**RECORDS SUPPLIED**
====
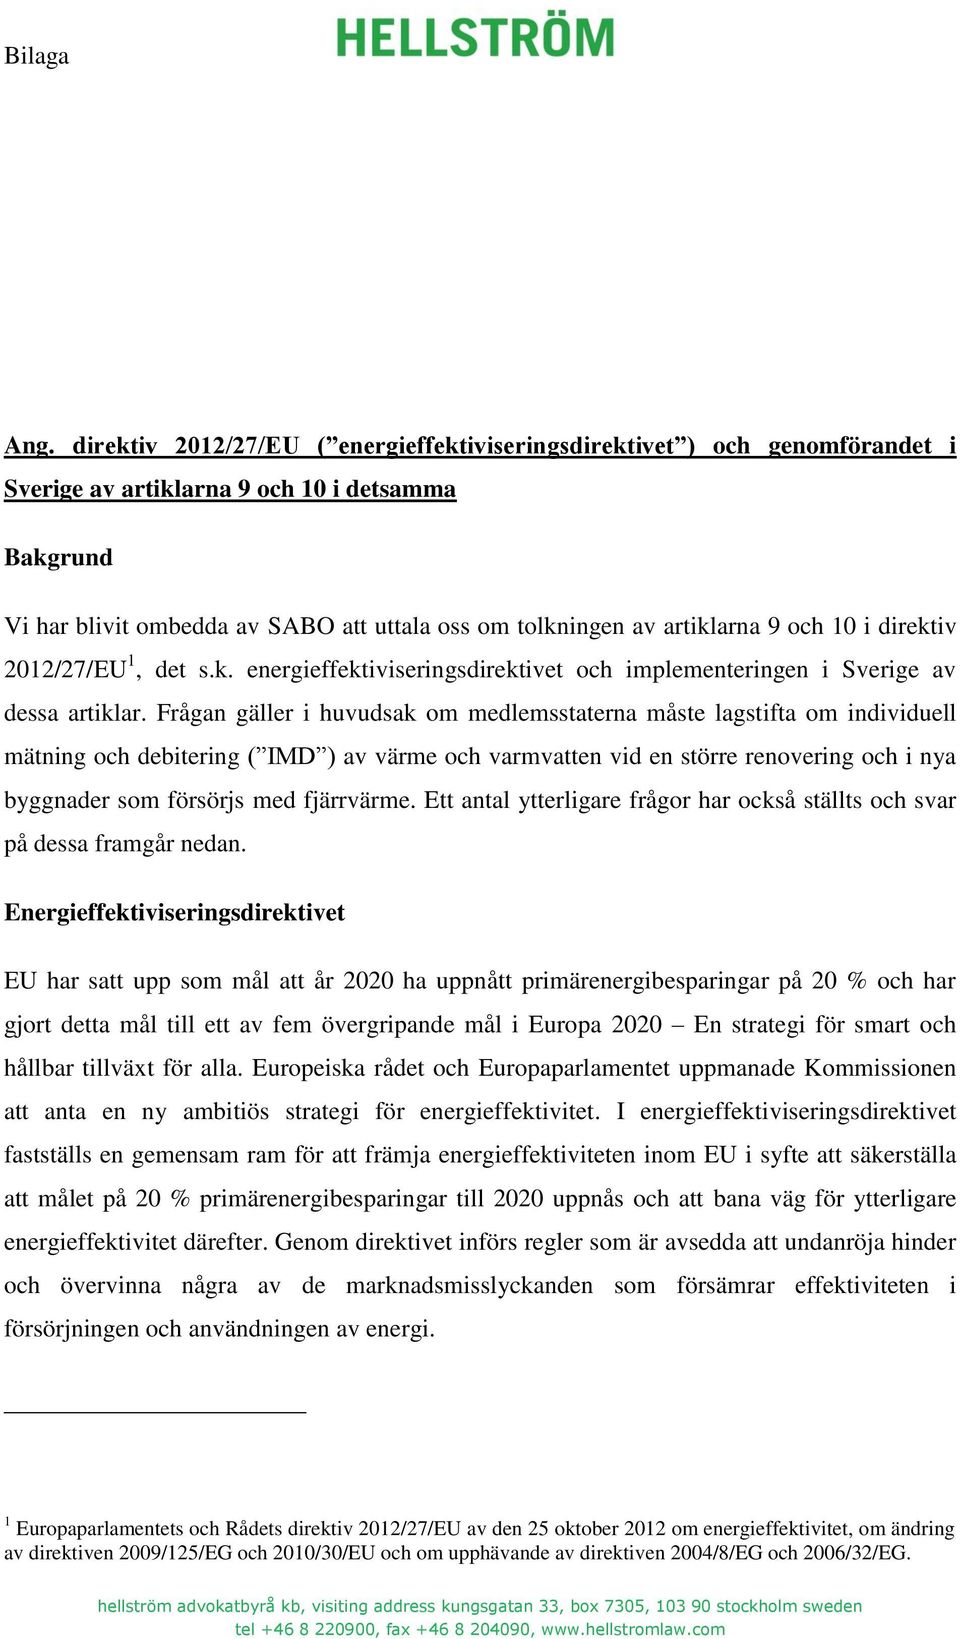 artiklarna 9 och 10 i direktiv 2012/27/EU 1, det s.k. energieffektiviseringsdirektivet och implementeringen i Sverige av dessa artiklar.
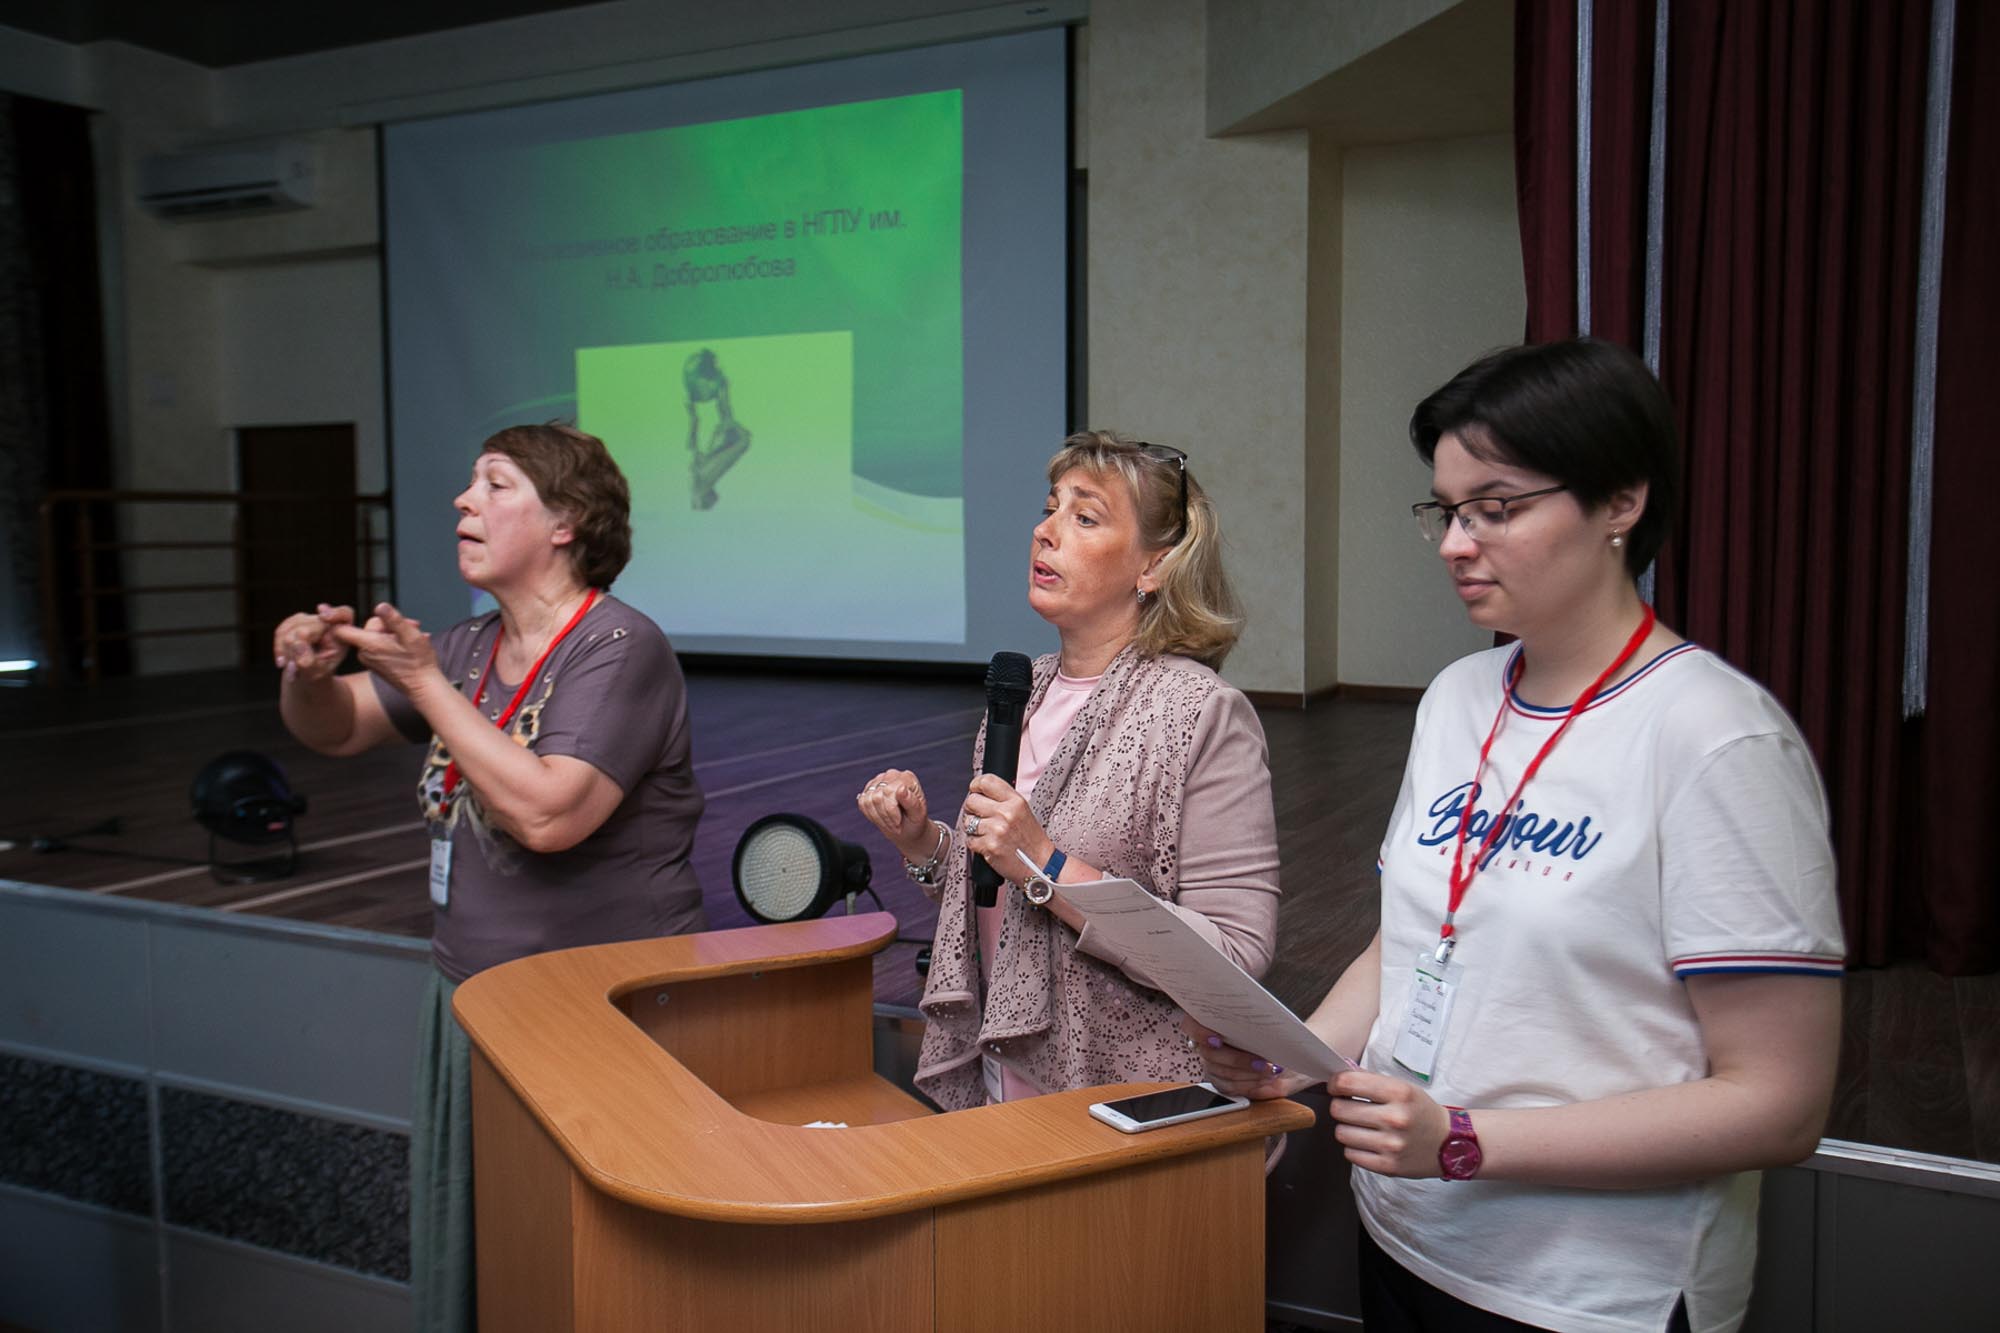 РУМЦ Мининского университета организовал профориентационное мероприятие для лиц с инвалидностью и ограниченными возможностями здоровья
====
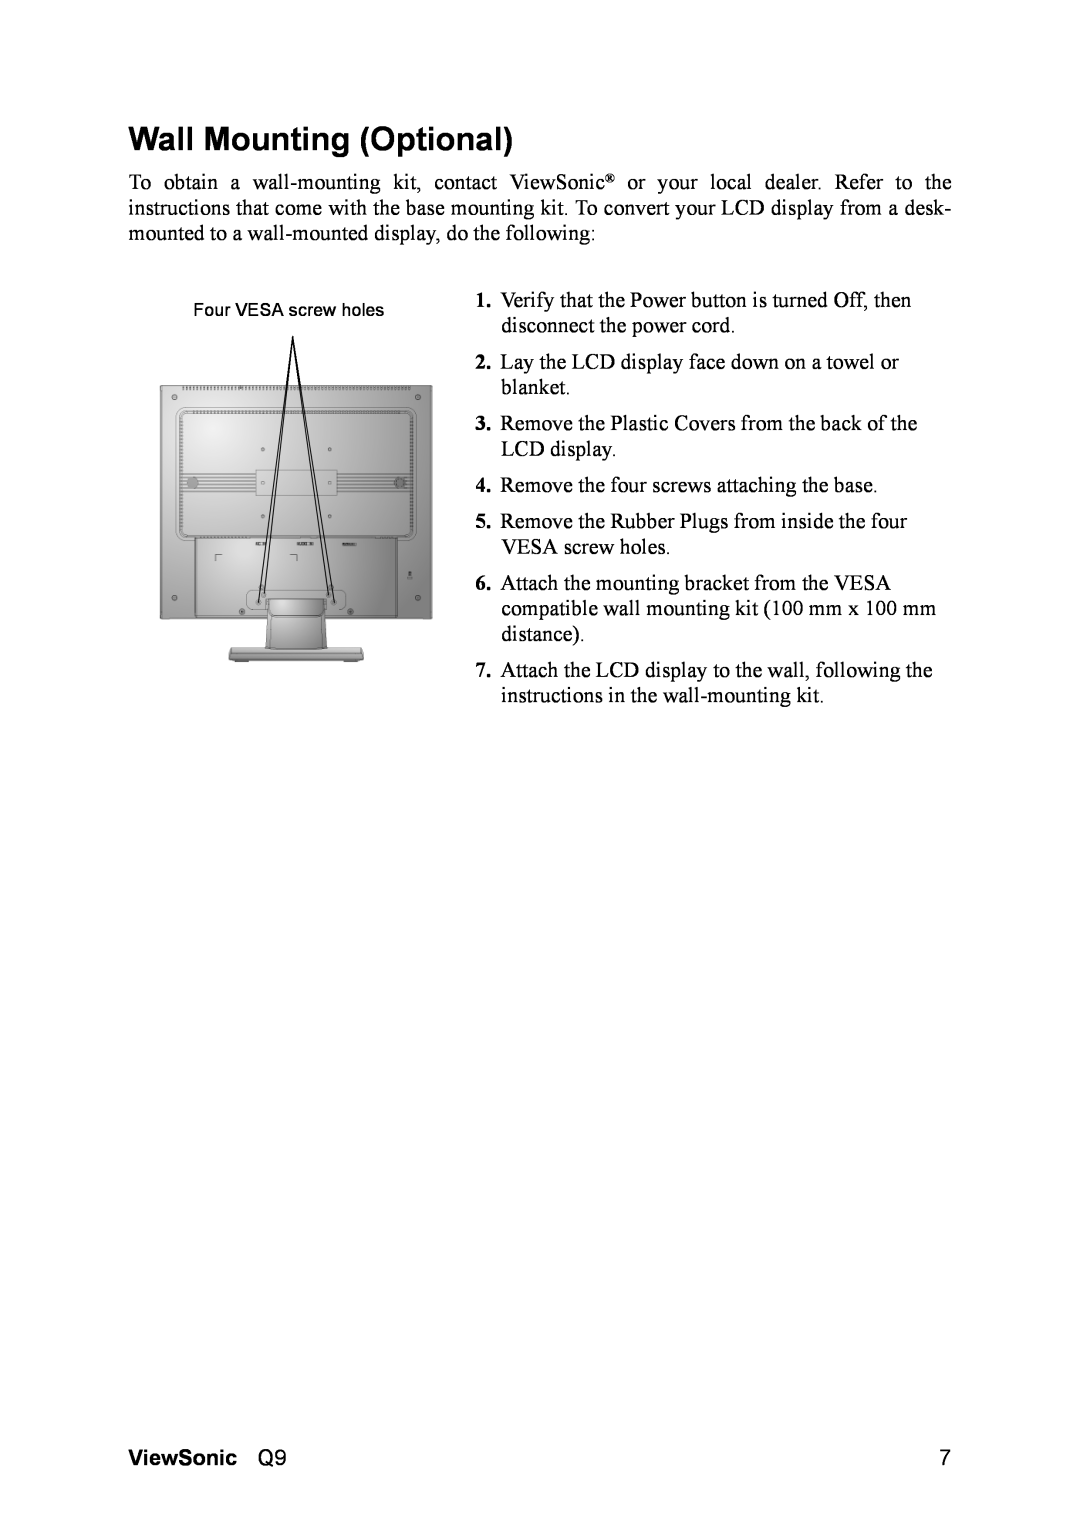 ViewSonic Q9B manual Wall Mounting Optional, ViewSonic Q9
====
**TASK ITEM**
Take the material above from the line containing "artiklarna 9 och" up to and including the line containing "РУМЦ Мининского университета" and retype it exactly, without any pictures.

**ANSWER TO THIS PROBLEM**
 artiklarna 9 och 10 i direktiv 2012/27/EU 1, det s.k. energieffektiviseringsdirektivet och implementeringen i Sverige av dessa artiklar.
 РУМЦ Мининского университета организовал профориентационное мероприятие для лиц с инвалидностью и ограниченными возможностями здоровья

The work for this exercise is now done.